### Dataset excerpt

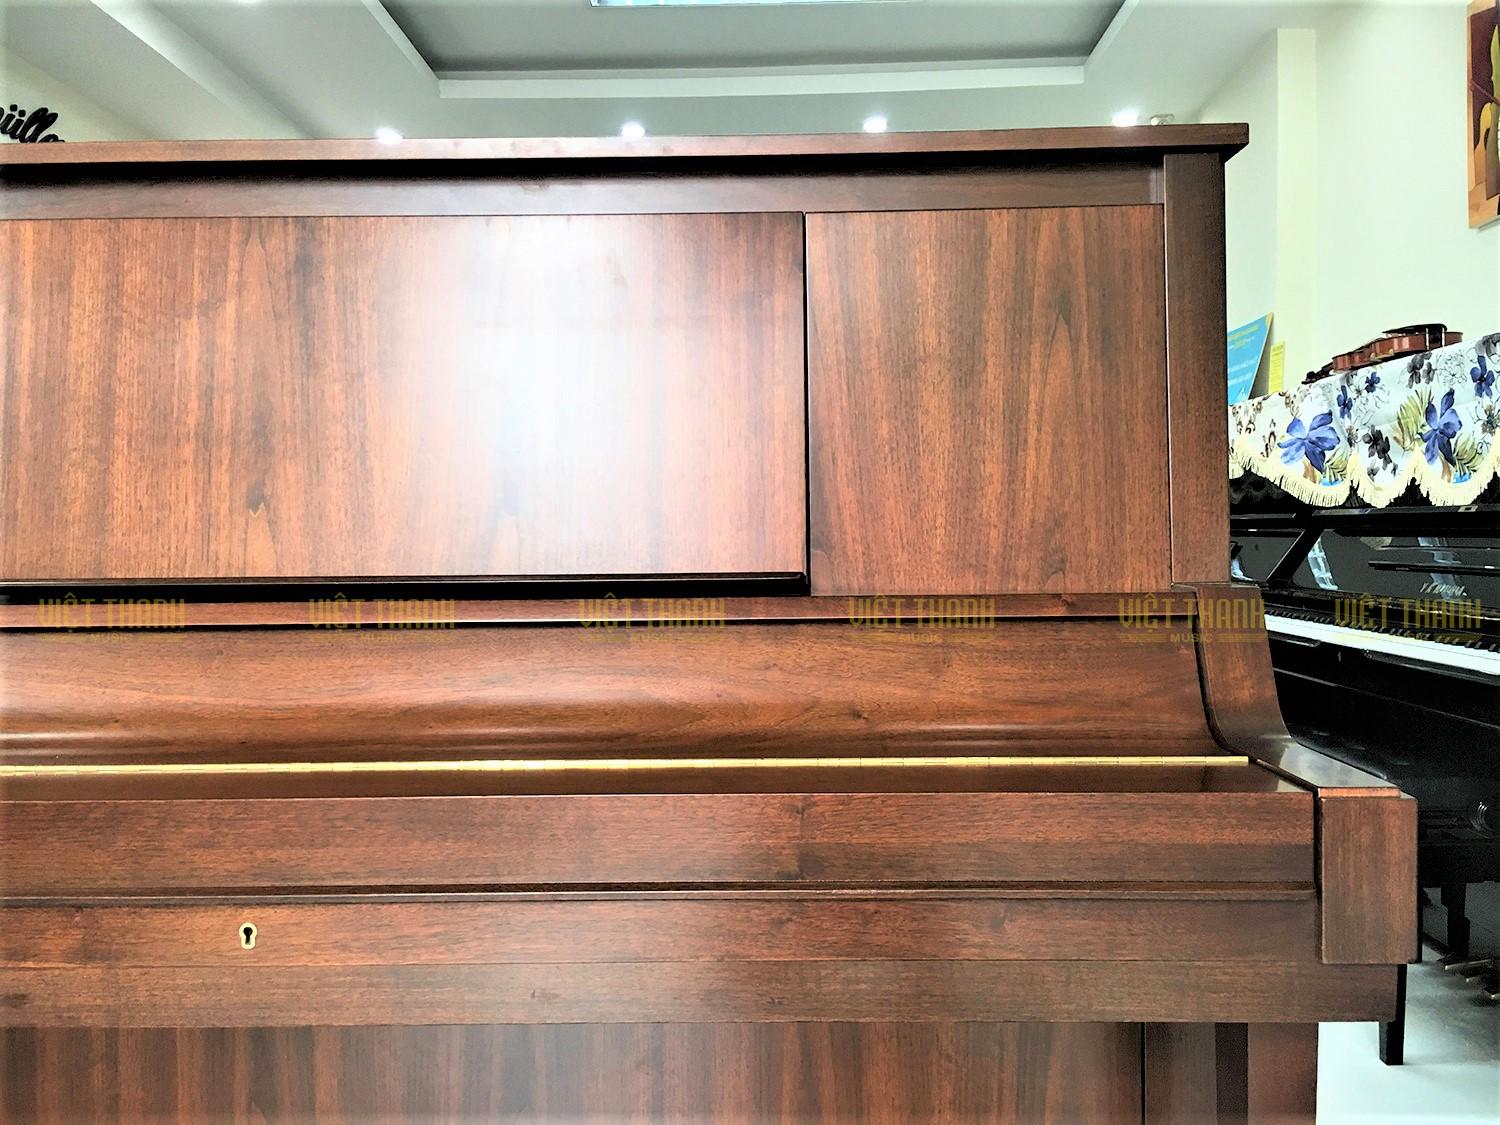 Đàn piano Yamaha W102 có chất liệu gỗ cao cấp
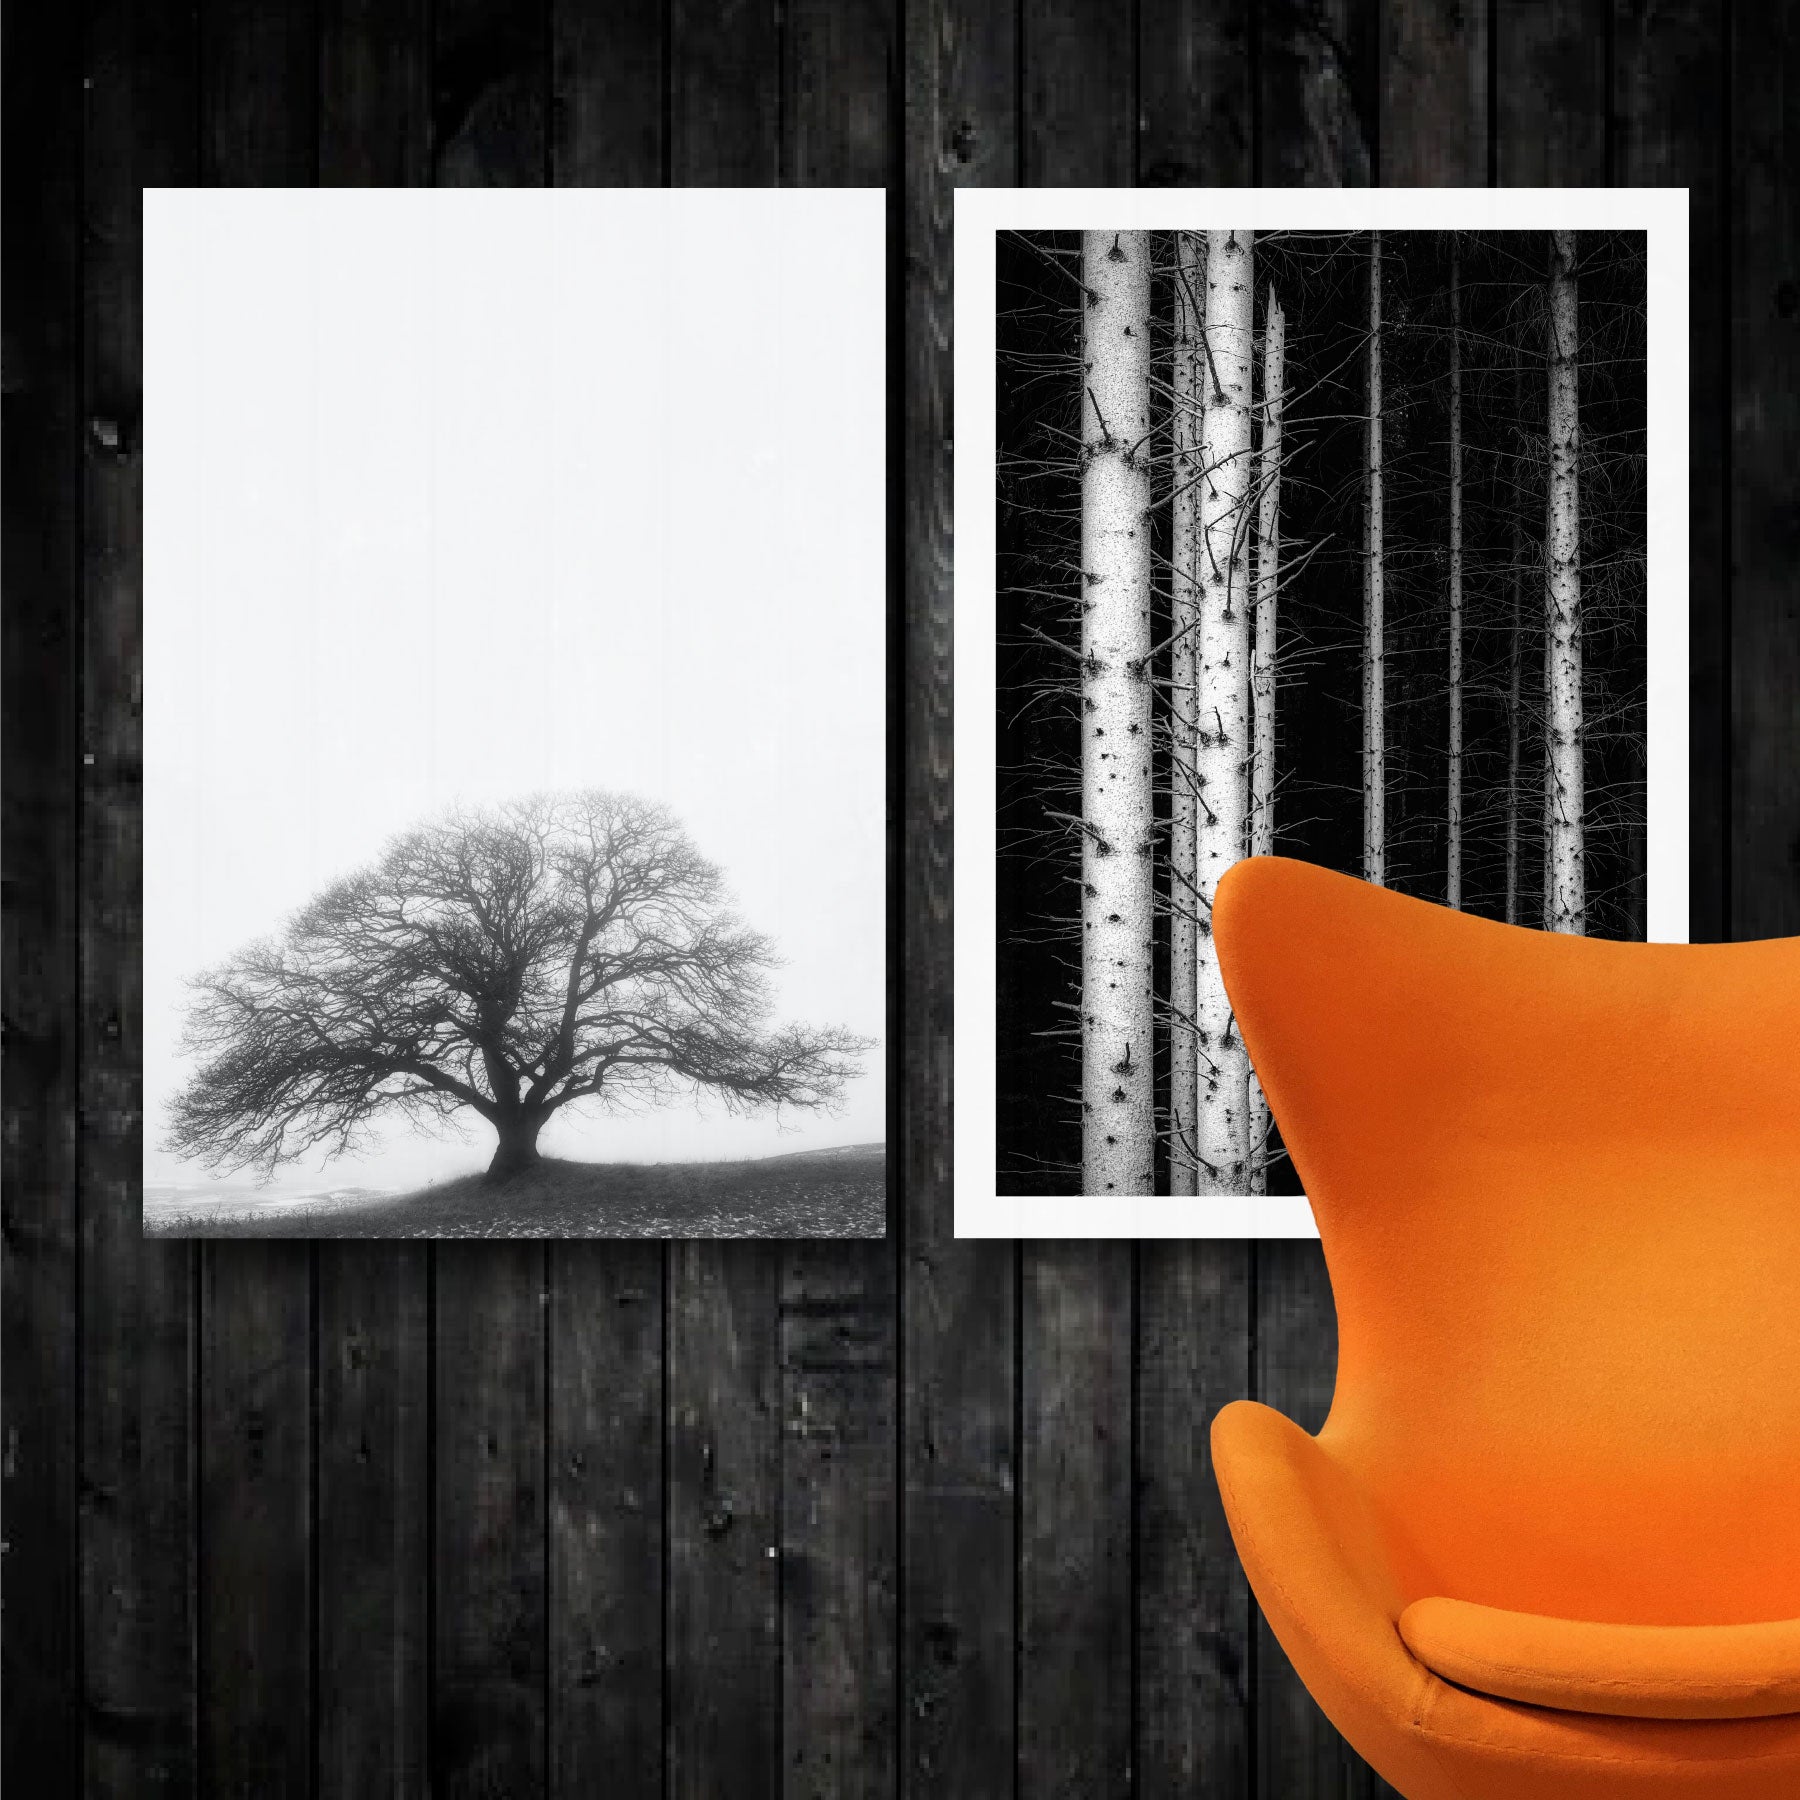 to naturplakater med træmotiver i sort-hvid
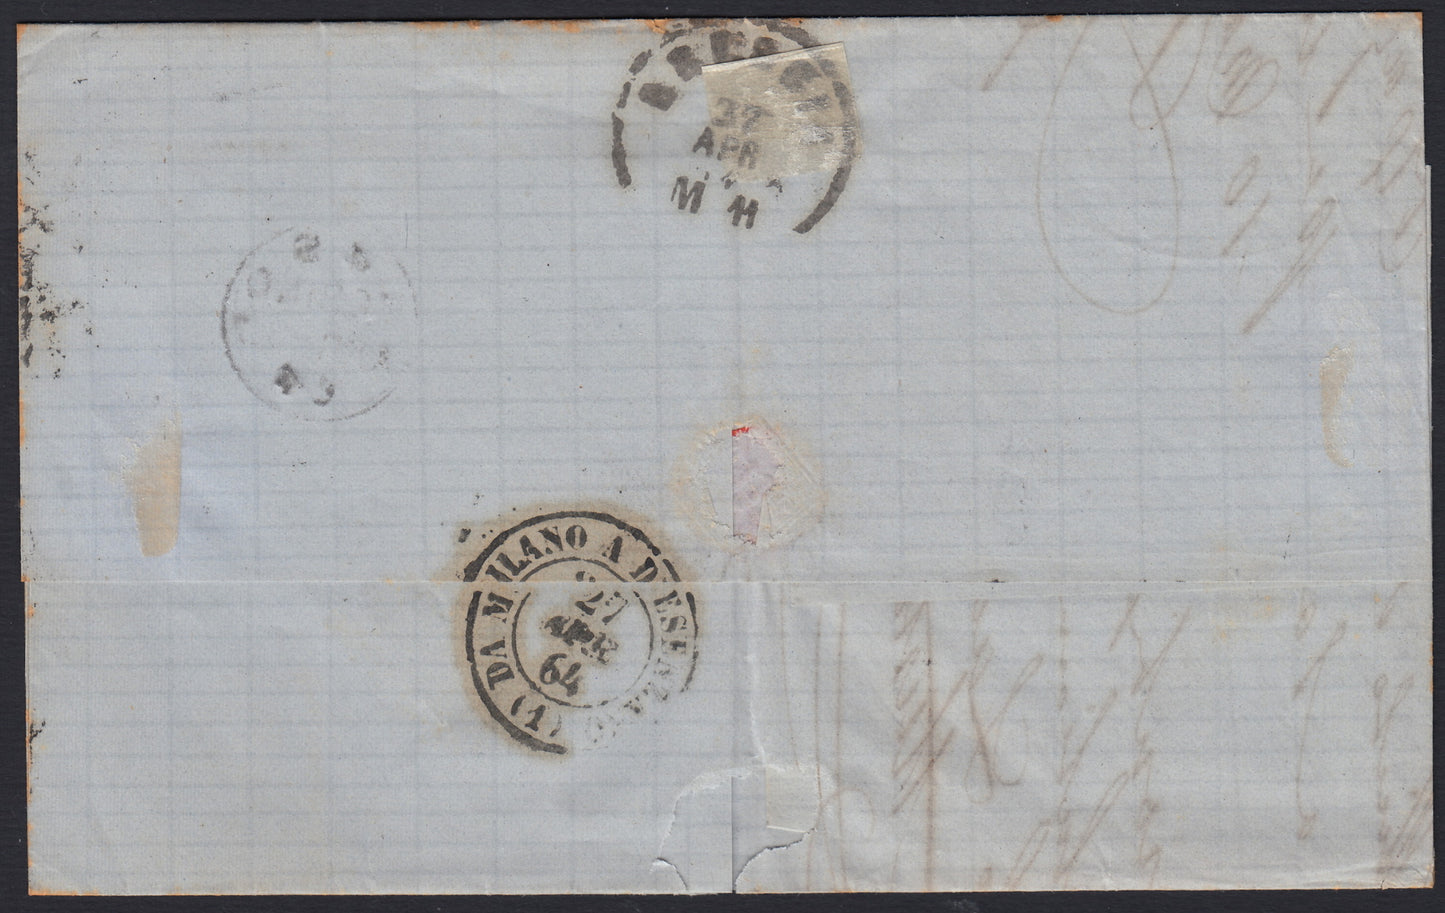 VEII299 - 1864 - De La Rue edición de Londres c. 15 celeste usado con sordina de diamante impreso en Turín 26/4/64 sobre carta para Brescia (L18)
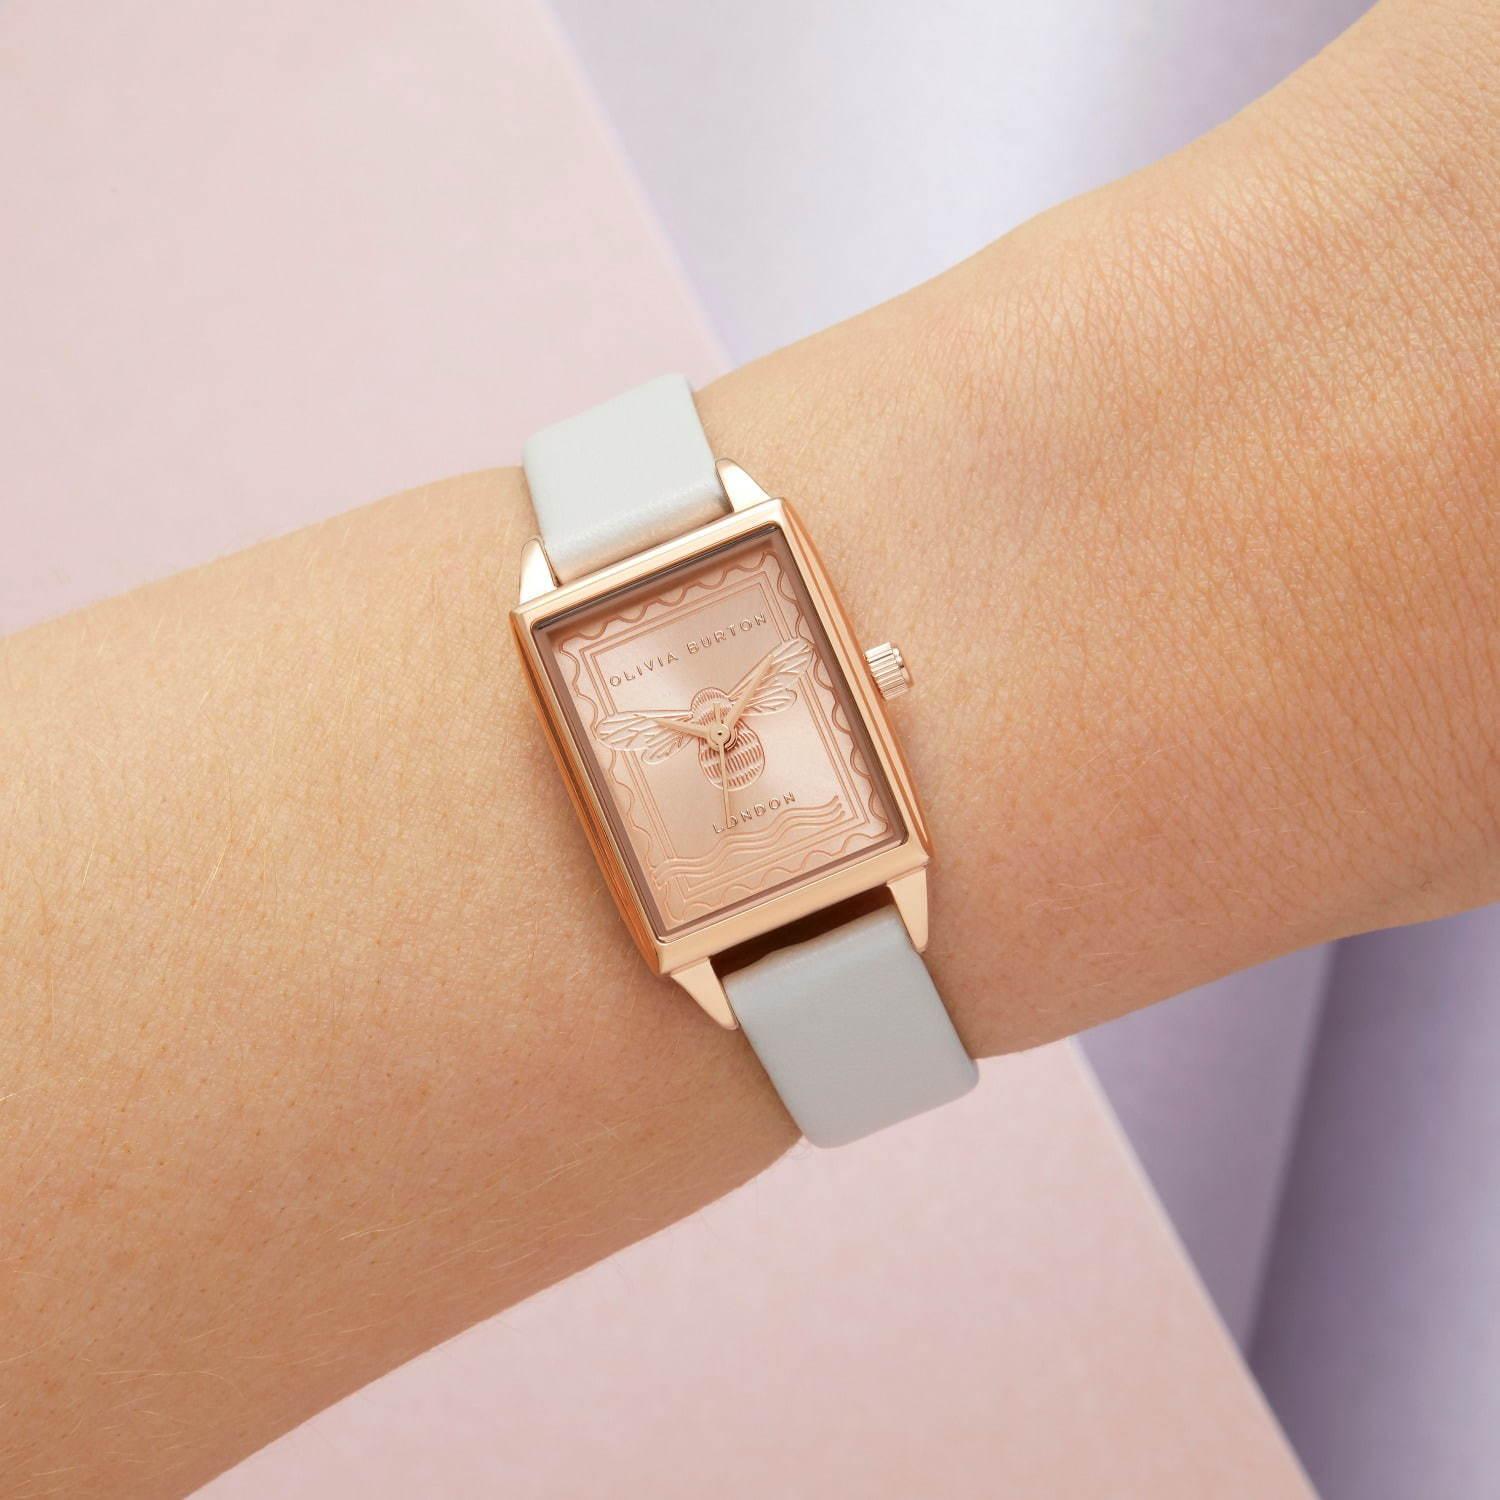 オリビア・バートンの新作“フラワーウォッチ”や切手着想の“ミツバチ”腕時計 コピー

######

Could you transcribe the material above exactly, keeping every picture out?

 Đàn piano Yamaha W102 có chất liệu gỗ cao cấp
 to naturplakater med træmotiver i sort-hvid
 VEII299 - 1864 - De La Rue edición de Londres c. 15 celeste usado con sordina de diamante impreso en Turín 26/4/64 sobre carta para Brescia (L18)
 オリビア・バートンの新作“フラワーウォッチ”や切手着想の“ミツバチ”腕時計 コピー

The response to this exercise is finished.